Let’s say that, as in my reasoning above, there are two cells, B and C; when the coin comes up tails humans are created in both cell B and cell C, but when the coin comes up heads a human is created in either cell B or cell C, with equal probability. Thus there are 3 “possible worlds”: 1) p=1/2 human in both cells 2) p=1/4 human in cell B, cell C empty 3) p=1/4 human in cell C, cell B empty
If you’re a selfish human and you know you’re in cell B, then you don’t care about world (3) at all, because there is no “you” in it. However, you still don’t know whether you’re in world (1) or (2), so you still have to “care” about both worlds. Moreover, in either world the “you” you care about is clearly the person in cell B, and so I think the only utility function that makes sense is S = $B. If you want to think about it in terms of either SSA-like or SIA-like assumptions, you get the same answer because both in world (1) and world (2) there is only a single observer who could be identified as “you”.

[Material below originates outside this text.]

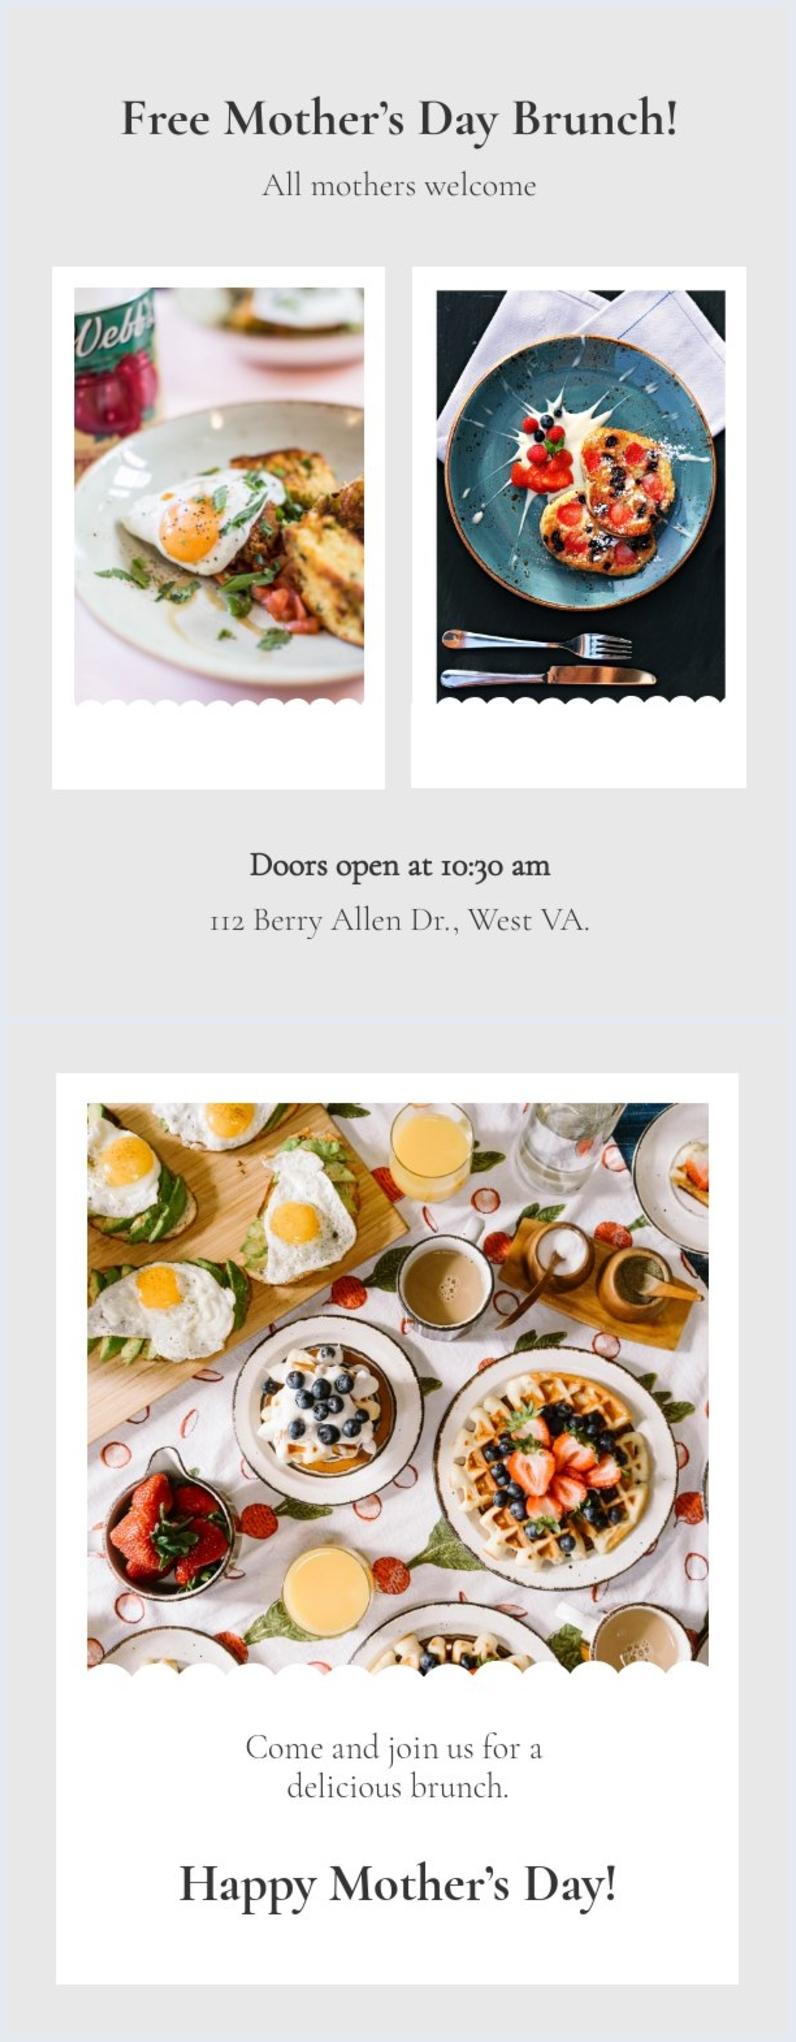 Diseño gratis de invitación al almuerzo del Día de la madre
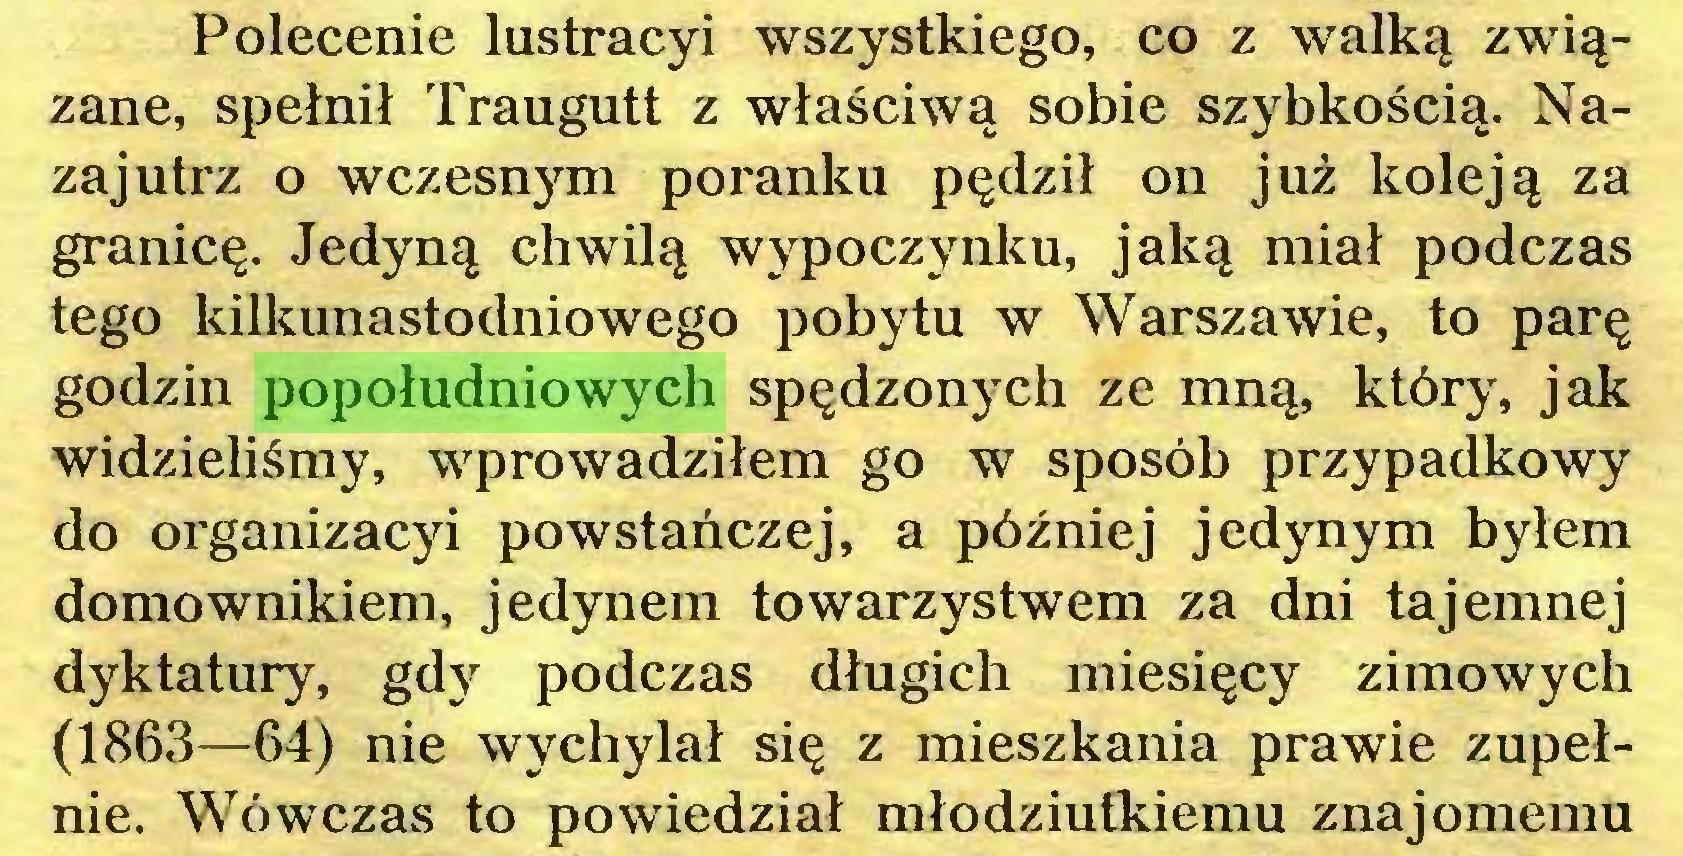 (...) Polecenie lustracyi wszystkiego, co z walką związane, spełnił Traugutt z właściwą sobie szybkością. Nazajutrz o wczesnym poranku pędził on już koleją za granicę. Jedyną chwilą wypoczynku, jaką miał podczas tego kilkunastodniowego pobytu w Warszawie, to parę godzin popołudniowych spędzonych ze mną, który, jak widzieliśmy, wprowadziłem go w sposób przypadkowy do organizacyi powstańczej, a później jedynym byłem domownikiem, jedynem towarzystwem za dni tajemnej dyktatury, gdy podczas długich miesięcy zimowych (1863—64) nie wychylał się z mieszkania prawie zupełnie. Wówczas to powiedział młodziutkiemu znajomemu...

Now, what if you didn’t know whether you were in cell B or cell C? That’s where things are a little different. In that case, there are two observers in world (1), either of whom could be “you”. There are basically two different ways of assigning utility over the two different “yous” in world (1)---adding them together, like a total utilitarian, and averaging them, like an average utilitarian; the resulting values are x=2/3 and x=1/2 respectively. Moreover, the first approach is equivalent to SIA, and the second is equivalent to SSA.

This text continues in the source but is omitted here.